No material divulgado, a associação mencionava os supostos benefícios do autointitulado “tratamento precoce” para a Covid-19, sem fazer qualquer menção aos possíveis efeitos adversos decorrentes do uso desses medicamentos.

A Justiça considerou que o material poderia estimular a automedicação, uma vez que era respaldado por uma associação médica. De acordo com o MPF, a publicação violou a legislação e as normas que regem a propaganda e publicidade de medicamentos.

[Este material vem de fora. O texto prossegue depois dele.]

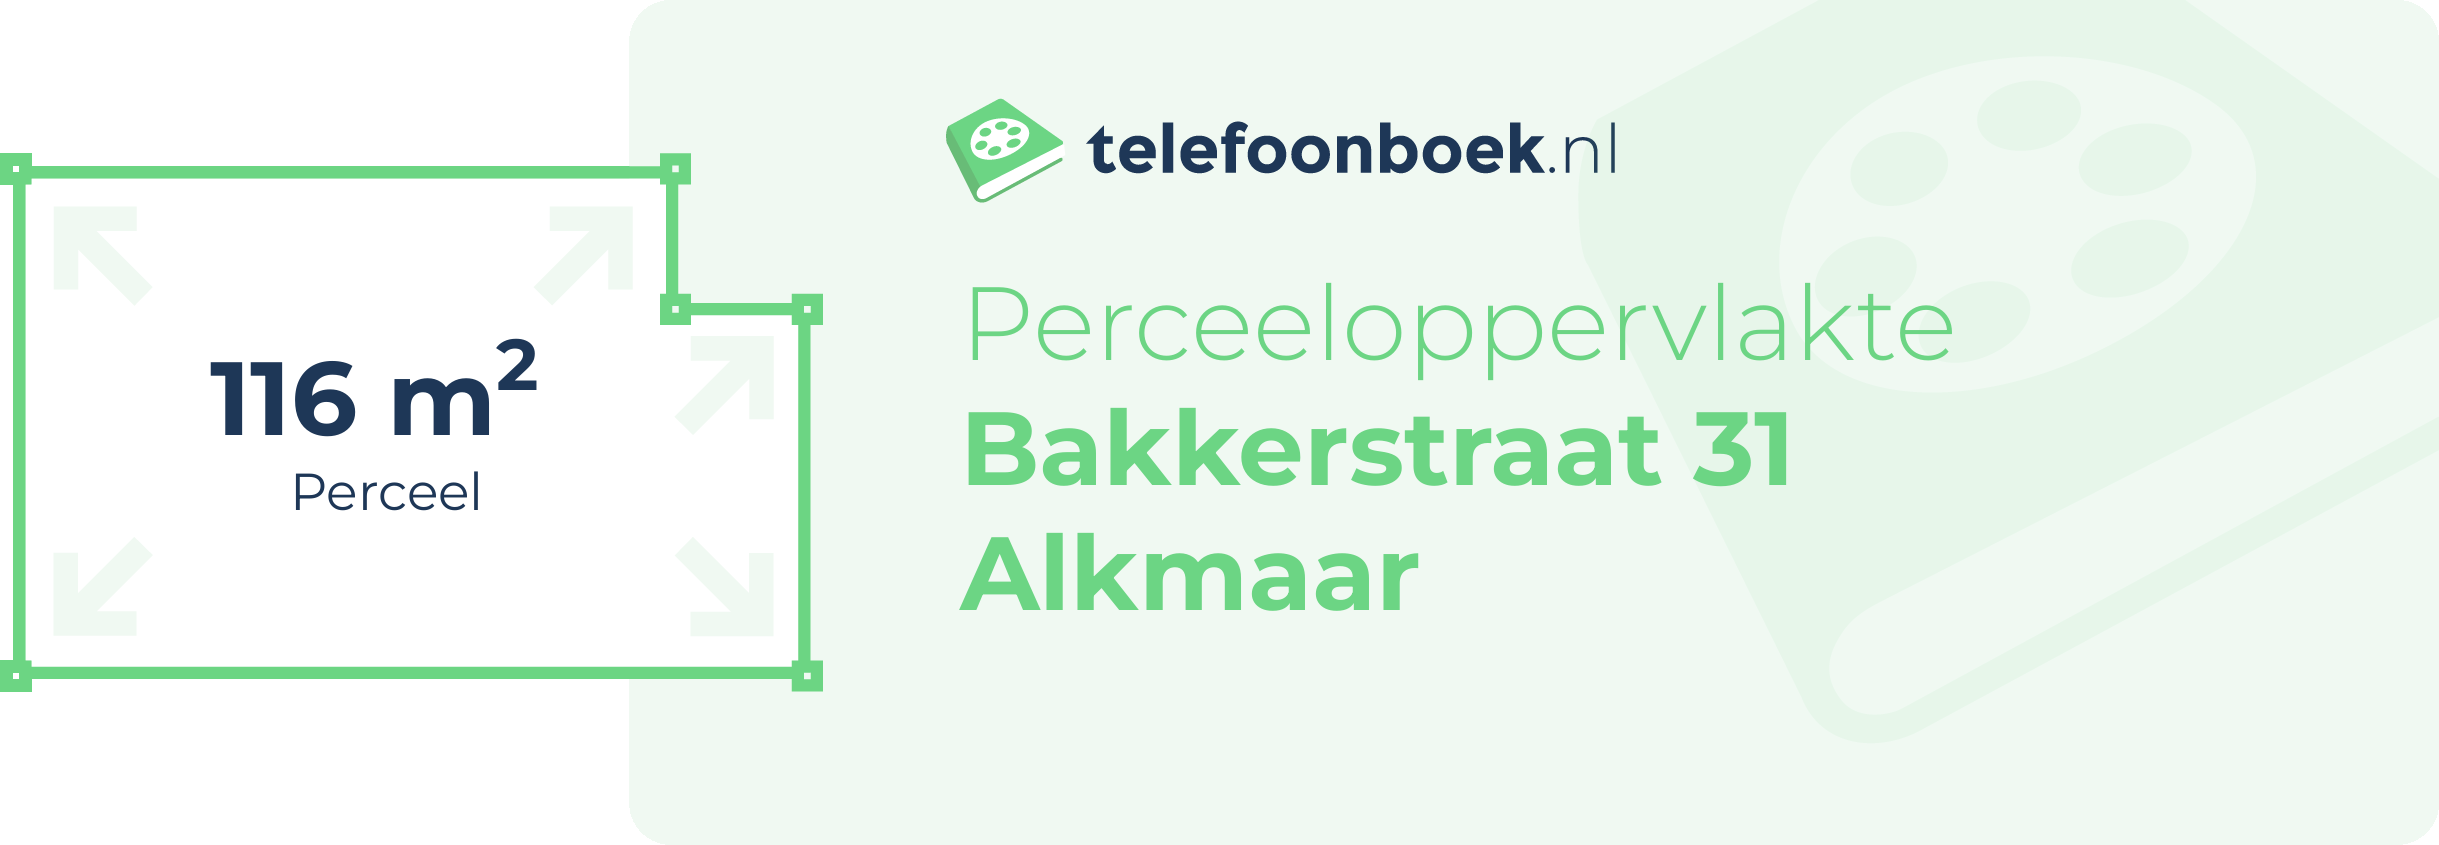 Perceeloppervlakte Bakkerstraat 31 Alkmaar

Por exemplo, uma resolução da Agência Nacional de Vigilância Sanitária (Anvisa) estabelece que as informações sobre medicamentos devem ser cientificamente comprovadas, o que não ocorreu no caso do manifesto relacionado à Covid-19.

Segundo a decisão judicial, ficou comprovada a conivência entre a Vitamedic e a Médicos pela Vida, sendo que a empresa farmacêutica financiou a propaganda irregular, investindo R$ 717 mil na publicidade.

“A decisão evidencia que o ‘manifesto pela vida’ foi uma forma ilícita de propaganda de um laboratório fabricante de medicamentos, com a ré [Vitamedic] desempenhando o triste papel de intermediária para fins ilegítimos que violam um valor fundamental: a proteção da saúde pública”, afirmou a decisão.